Re: [PATCH] sched/fair: Consider cpu affinity when allowing NUMA imbalance in find_idlest_group

From: K Prateek Nayak
Date: Fri Feb 11 2022 - 02:37:09 EST


Hello Peter,

On 2/9/2022 10:50 PM, Peter Zijlstra wrote:
>>> Where does this affinity come from?
>> The affinity comes from limiting the process to a certain subset of
>> available cpus by modifying the cpus_ptr member of task_struck
>> via taskset or numactl.
> That's obviously not an answer. Why is that done?
Sorry, I should have been more clear in my previous reply.

Currently, the scheduler is conservative while spreading the tasks across
groups of a NUMA domain. It does so only when the number of runnable
tasks in the local sched-group is less than the allowed imbalance
threshold. The imbalance threshold is 25% of the domain's span weight
in sched/tip/core. Mel's recent patchset
"Adjust NUMA imbalance for multiple LLCs"
(https://lore.kernel.org/lkml/20220208094334.16379-1-mgorman@xxxxxxxxxxxxxxxxxxx/)
make it dependent on the number of LLCs in the NUMA domain.

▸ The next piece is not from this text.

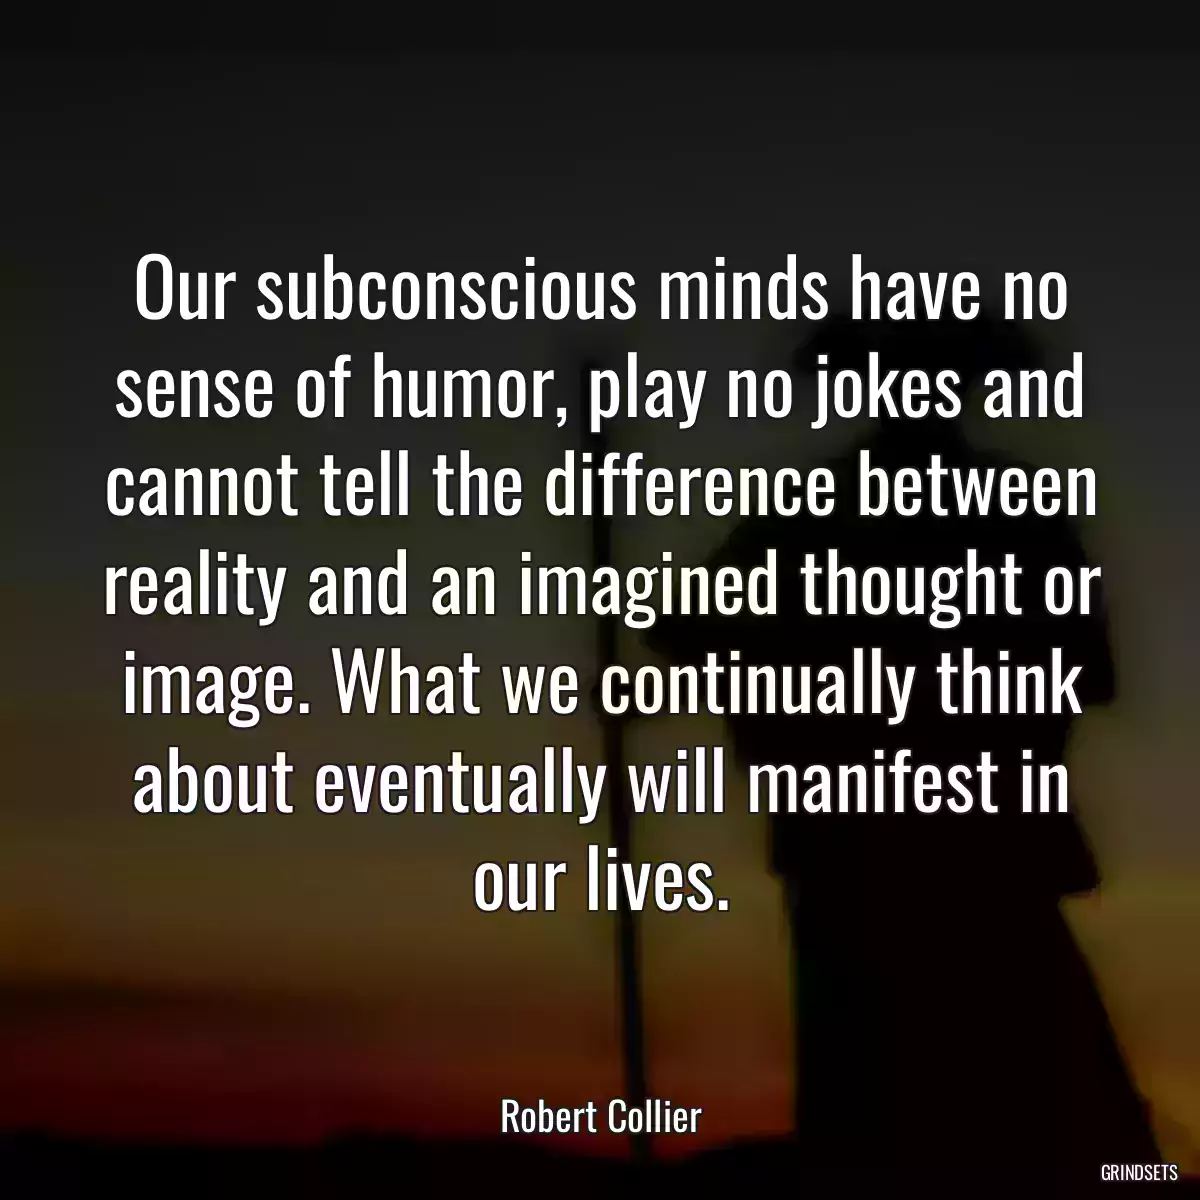 Our subconscious minds have no sense of humor, play no jokes and cannot tell the difference between reality and an imagined thought or image. What we continually think about eventually will manifest in our lives.

In case of AMD Zen like systems containing with multiple LLCs per
socket, users want to spread bandwidth hungry applications across
multiple LLCs. Stream is one such representative workload where the
best performance is obtained by limiting one stream thread per LLC. To
ensure this, users are known to pin the tasks to a specify a subset of
the CPUs consisting of one CPU per LLC while running such bandwidth
hungry tasks.

Suppose we kickstart a multi-threaded task like
stream with 8 threads using taskset or numactl to run on a subset of
CPUs on a 2 socket Zen3 server where each socket contains 128 CPUs
(0-63,128-191 in one socket, 64-127,192-255 in another socket)

Eg: numactl -C 0,16,32,48,64,80,96,112 ./stream8

Here each CPU in the list is from a different LLC and 4 of those LLCs
are on one socket, while the other 4 are on another socket.

Ideally we would prefer that each stream thread runs on a different
CPU from the allowed list of CPUs. However, the current heuristics in
find_idlest_group() do not allow this during the initial placement.

Suppose the first socket (0-63,128-191) is our local group from which
we are kickstarting the stream tasks. The first four stream threads
will be placed in this socket. When it comes to placing the 5th
thread, all the allowed CPUs are from the local group (0,16,32,48)
would have been taken. We can detect this by checking if the number of
CPUs in the local group are fewer than the number of tasks running in
the local group and use this information to spread the 5th task out
into the the next socket (after all, the goal in this slowpath is to
find the idlest group and the idlest CPU during the initial
placement!).

However, the current scheduler code simply checks if the number of
tasks in the local group is fewer than the allowed numa-imbalance
threshold. This threshold is 25% of the NUMA domain span
in sched/tip/core (in this case threshold = 32) and is equal to the
number of LLCs in the domain with Mel's recent v6 patchset
(https://lore.kernel.org/lkml/20220208094334.16379-1-mgorman@xxxxxxxxxxxxxxxxxxx/)
(in this case threshold = 8). For this example, the number of tasks
will always be within threshold and thus all the 8 stream threads
will be woken up on the first socket thereby resulting in
sub-optimal performance.

Following are the results from running 8 Stream threads with and
without pinning:

               tip sched/core           tip sched/core          tip sched/core
                     + mel-v6                 + mel-v6            + this-patch
                 (no pinning)                 +pinning               + pinning

 Copy:   111309.82 (0.00 pct)    111133.84 (-0.15 pct)   151249.35 (35.88 pct)
Scale:   107391.64 (0.00 pct)    105933.51 (-1.35 pct)   144272.14 (34.34 pct)
  Add:   126090.18 (0.00 pct)    127533.88 (1.14 pct)    177142.50 (40.48 pct)
Triad:   124517.67 (0.00 pct)    126944.83 (1.94 pct)    175712.64 (41.11 pct)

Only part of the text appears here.